This term's first meeting of the English Faculty's 18th-Century and Romantic Studies seminar will take place on Thursday 18th October at 5pm in the Board Room, Faculty of English. Professor Brycchan Carey (Northumbria University) will speak on the subject, '"Deem our nation brutes no longer": Animals, Affect, and Abolitionism". A synopsis of his paper follows below. All are welcome.
Slavery has been considered brutalising since ancient times, and throughout history observers have routinely compared enslaved people with captive or domesticated animals. Seventeenth and eighteenth-century plantation manuals described the management of enslaved people in the same terms as that of farmyard animals, explicitly offering advice on the husbandry of 'Negroes, horses, mules, and cattle'. Such comparisons may have been acceptable to colonial planters, but many metropolitan readers found them shocking. From the 1780s to the 1830s, campaigners, many influenced by the then fashionable discourses of sensibility, worked to abolish slavery and also to alleviate cruelty to animals. From Thomas Day, who combined antislavery and anti-bull-baiting passages in his novel Sandford and Merton (1784-9) to William Cowper, who wrote extensively on both slavery and animals, to William Wilberforce, the abolitionist and co-founder of the RSPCA, campaigners increasingly asked the British public to sympathise with both slaves and animals. By simultaneously working to advance the boundaries of sympathy to include both enslaved Africans and domesticated animals, campaigners certainly promoted freedom and alleviated suffering, but there was a cost. Conflating the two issues ran the risk of perpetuating racial ideologies that ultimately entrenched rather than challenged the notion of a hierarchy of races. This paper explores this phenomenon by reading a wide range of late-eighteenth and early-nineteenth-century literature concerned with both slavery and the anti-bull-baiting debate, including Day and Cowper but also the lesser known Percival Stockdale and Elizabeth Heyrick.
Suggested reading: Most of the texts cited in this talk are rather obscure, but it should be easy enough to locate: William Cowper, 'Charity', lines 83–244 and William Cowper, 'The Negro's Complaint'. The bull-baiting passages in Thomas Day, Sandford and Merton, should also be relatively easy to track down on ECCO. Thomas Day, The History of Sandford and Merton, A Work Intended for the Use of Children, (1783–89), 8th edn, 3 vols (London: John Stockdale, 1798), II, pp. 290–308 and III, pp. 279-80. For passages on whaling, see II, 180–88.
Brycchan Carey is Professor of English at Northumbria University, Vice-President of the British Society for Eighteenth-Century Studies, and Chair of the Association for the Study of Literature and the Environment, UK and Ireland.
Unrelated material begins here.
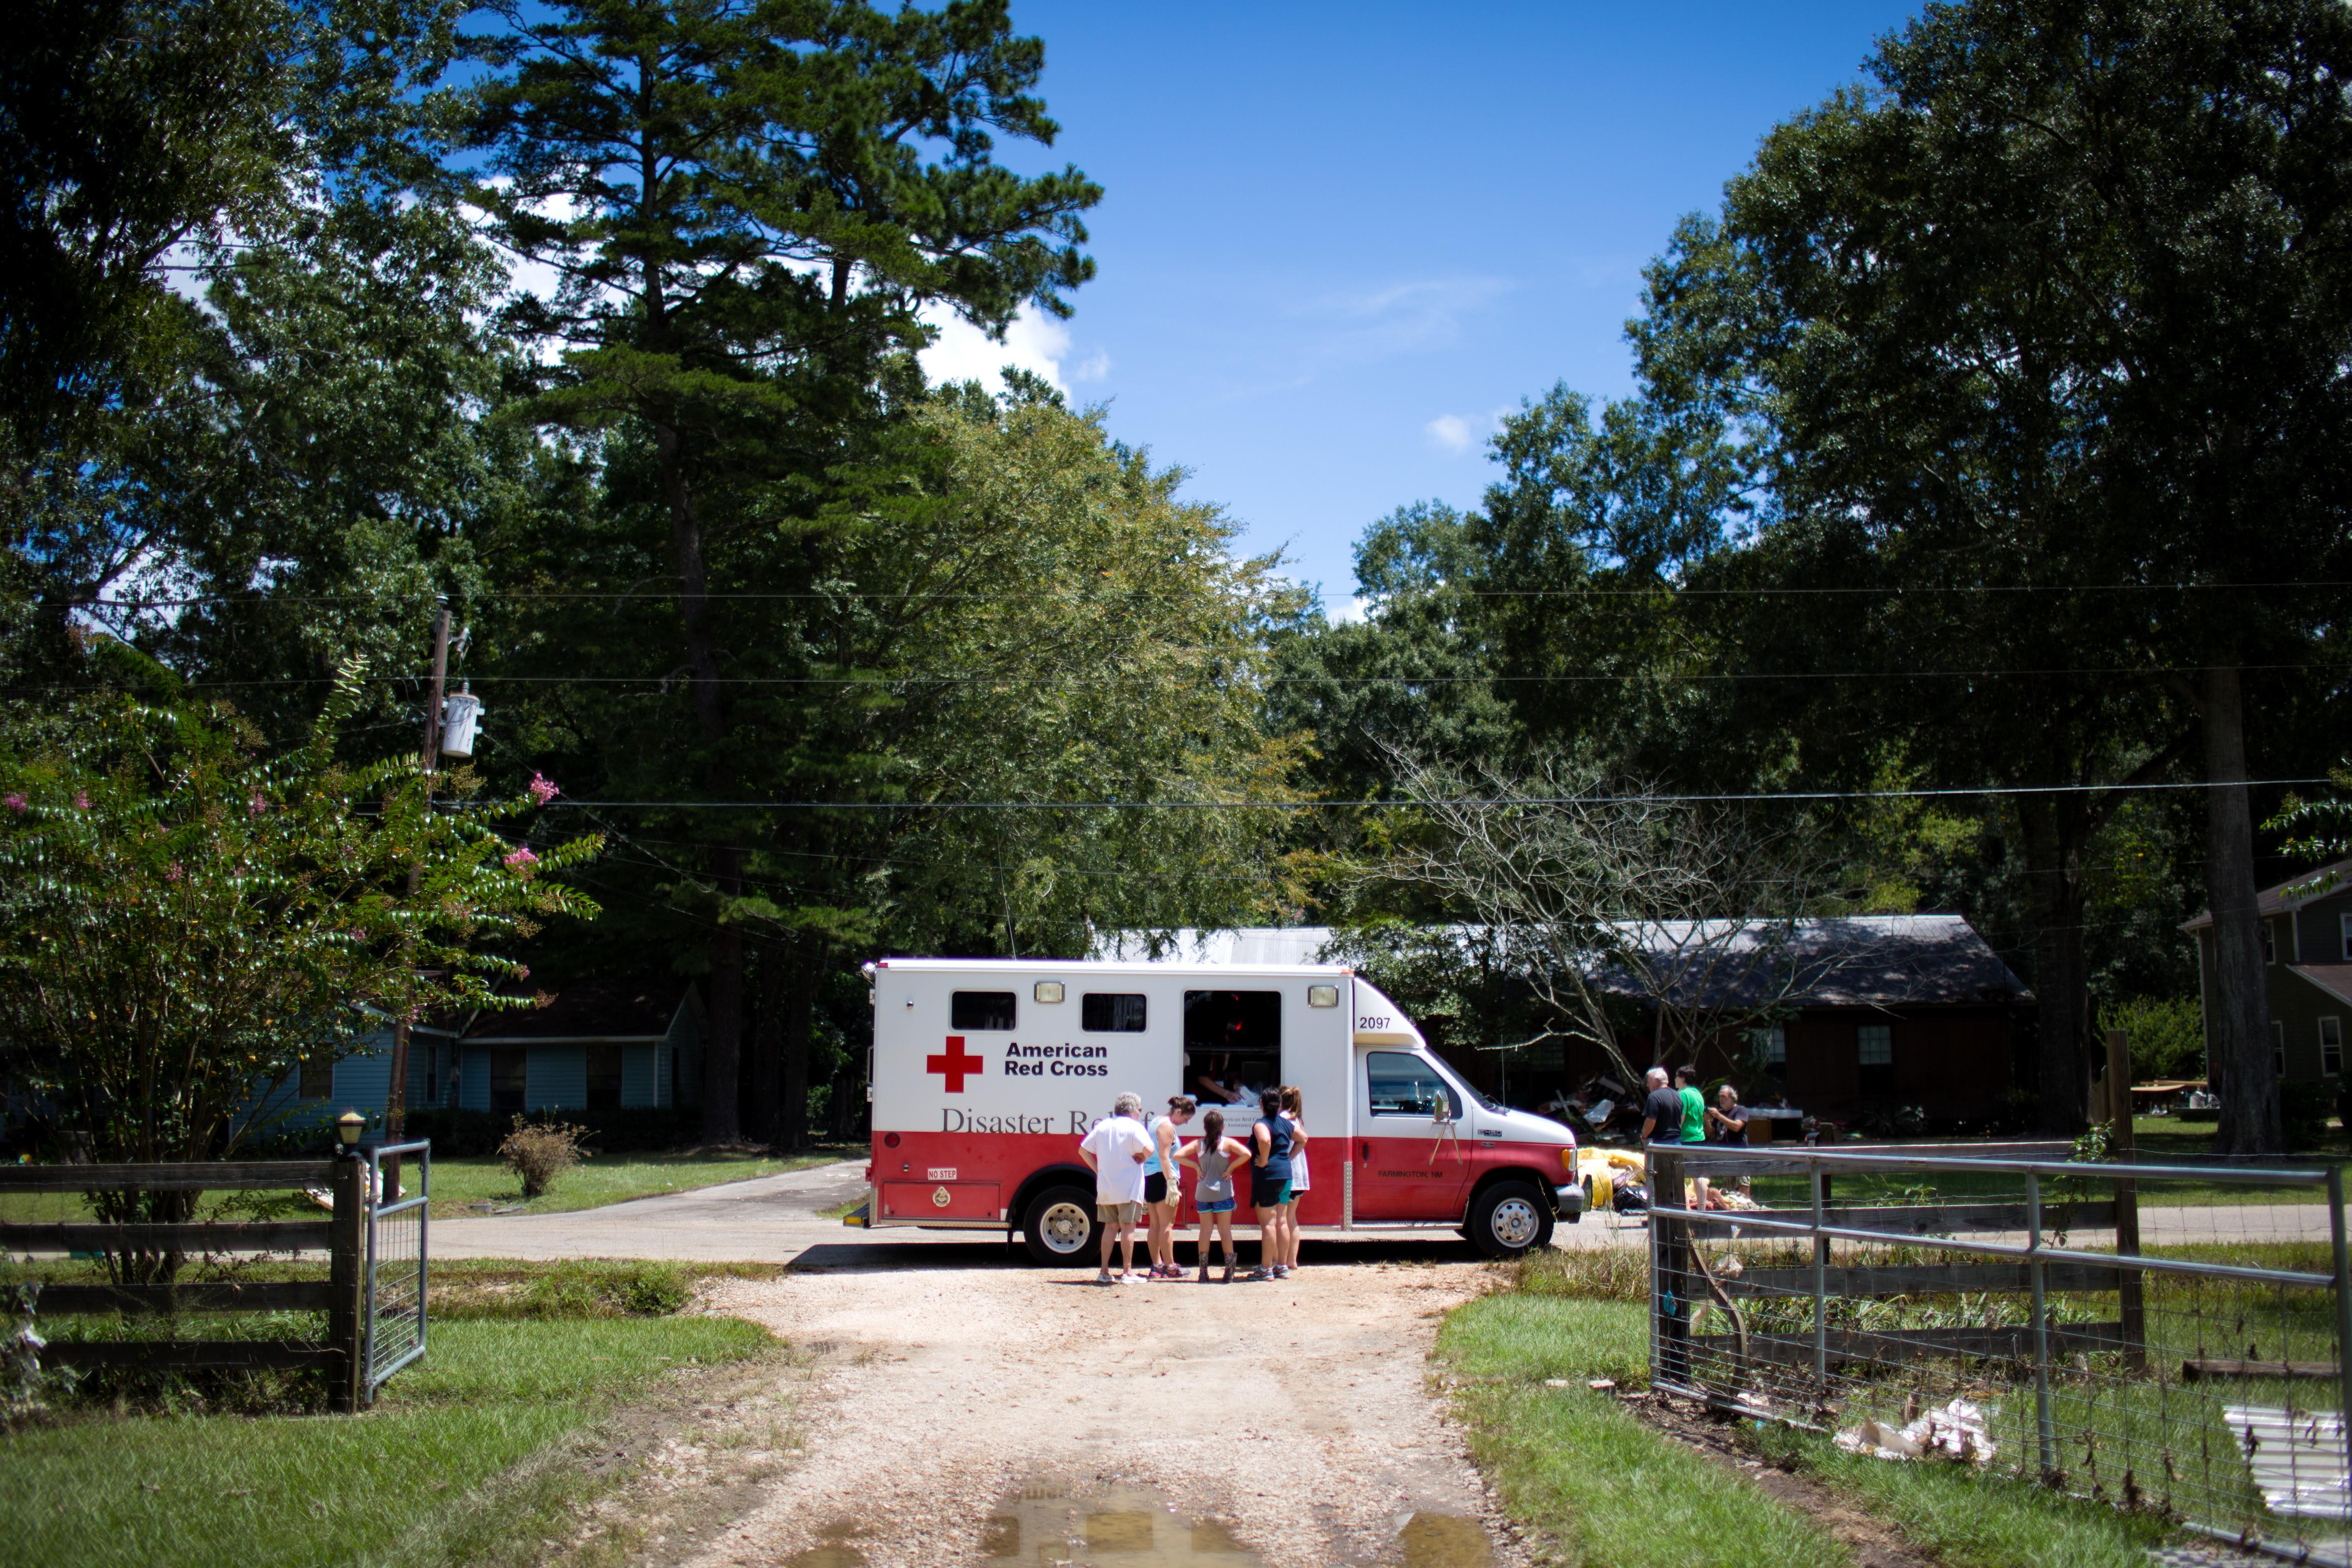 American Red Cross | LinkedIn

He is the author of From Peace to Freedom: Quaker Rhetoric and the Birth of American Antislavery, 1658–1761 (Yale University Press, 2012) and British Abolitionism and the Rhetoric of Sensibility: Writing, Sentiment, and Slavery, 1760–1807 (Palgrave, 2005) as well as several editions and edited collections, most recently an edition of Olaudah Equiano's Interesting Narrative for the Oxford University Press World's Classics series. His forthcoming works include a monograph, Unnatural Empire: Slavery, Abolition, and Colonial Natural History, 1650–1840, forthcoming from Yale University Press in 2019, and an edited collection, Birds in Eighteenth-Century Literature: Reason, Emotion, and Ornithology, 1700–1840, forthcoming from Palgrave in 2020.